4. Plot Additional Points:
- Choose a few more x-values to plot points and sketch the parabola.
- For example:
\[
f(-1) = 2(-1)^2 + (-1) - 6 = 2 - 1 - 6 = -5
\]
\[
f(1) = 2(1)^2 + (1) - 6 = 2 + 1 - 6 = -3
\]
5. Sketch the Graph:
- Plot the vertex \( \left(-\frac{1}{4}, -\frac{49}{8}\right) \), the y-intercept \( (0, -6) \), and the zeros \( \left(\frac{3}{2}, 0\right) \) and \( (-2, 0) \).
- Use additional points to sketch the parabola.
---
Final Answers:
1. For \( f(x) = x^2 + 4x + 7 \):
- Domain: \( (-\infty, \infty) \)
- Range: \( [3, \infty) \)
- Axis of Symmetry: \( x = -2 \)
- Vertex: \( (-2, 3) \)
- Y-intercept: \( (0, 7) \)
- Zero(s): None
2. For \( y = -x^2 - 5x + 1 \):
- Domain: \( (-\infty, \infty) \)
- Range: \( \left(-\infty, \frac{29}{4}\right] \)
- Axis of Symmetry: \( x = -\frac{5}{2} \)
- Vertex: \( \left(-\frac{5}{2}, \frac{29}{4}\right) \)
- Y-intercept: \( (0, 1) \)
- Zero(s): \( x \approx -5.2 \) and \( x \approx 0.2 \)
3. Graph \( f(x) = 2x^2 + x - 6 \):
- Vertex: \( \left(-\frac{1}{4}, -\frac{49}{8}\right) \)

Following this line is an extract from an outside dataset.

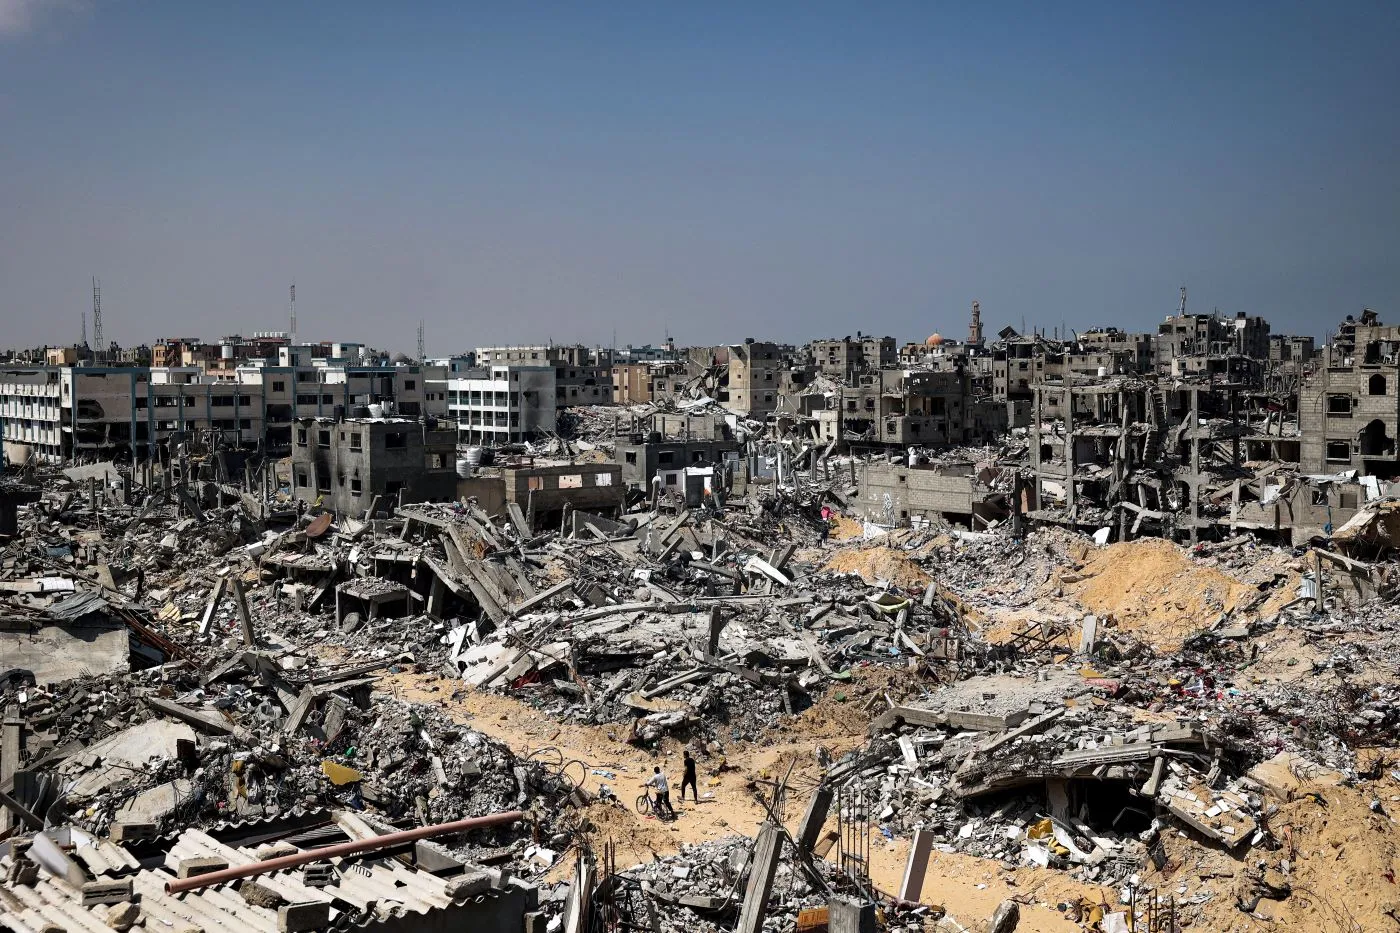 Sekitar 90 persen dari sekitar 4.000 bangunan yang terletak di sepanjang perbatasan timur Gaza dengan Israel telah hancur atau rusak, menurut analisis awal citra satelit dari Pusat Satelit PBB (UNOSAT) yang dirilis pada hari Senin. (AFP)

- Y-intercept: \( (0, -6) \)
- Zeros: \( x = \frac{3}{2} \) and \( x = -2 \)
- Sketch the parabola using these points.
---
Final Answer Box:
\[
\boxed{
\begin{array}{l}
\text{1. Domain: } (-\infty, \infty), \text{ Range: } [3, \infty), \text{ Axis of Symmetry: } x = -2, \text{ Vertex: } (-2, 3), \text{ Y-intercept: } (0, 7), \text{ Zero(s): None} \\
\text{2. Domain: } (-\infty, \infty), \text{ Range: } \left(-\infty, \frac{29}{4}\right], \text{ Axis of Symmetry: } x = -\frac{5}{2}, \text{ Vertex: } \left(-\frac{5}{2}, \frac{29}{4}\right), \text{ Y-intercept: } (0, 1), \text{ Zero(s): } x \approx -5.2 \text{ and } x \approx 0.2 \\
\text{3. Graph with Vertex: } \left(-\frac{1}{4}, -\frac{49}{8}\right), \text{ Y-intercept: } (0, -6), \text{ Zeros: } x = \frac{3}{2} \text{ and } x = -2
\end{array}
}
\]
Parent Tip: Review the logic above to help your child master the concept of graphing quadratic functions worksheet.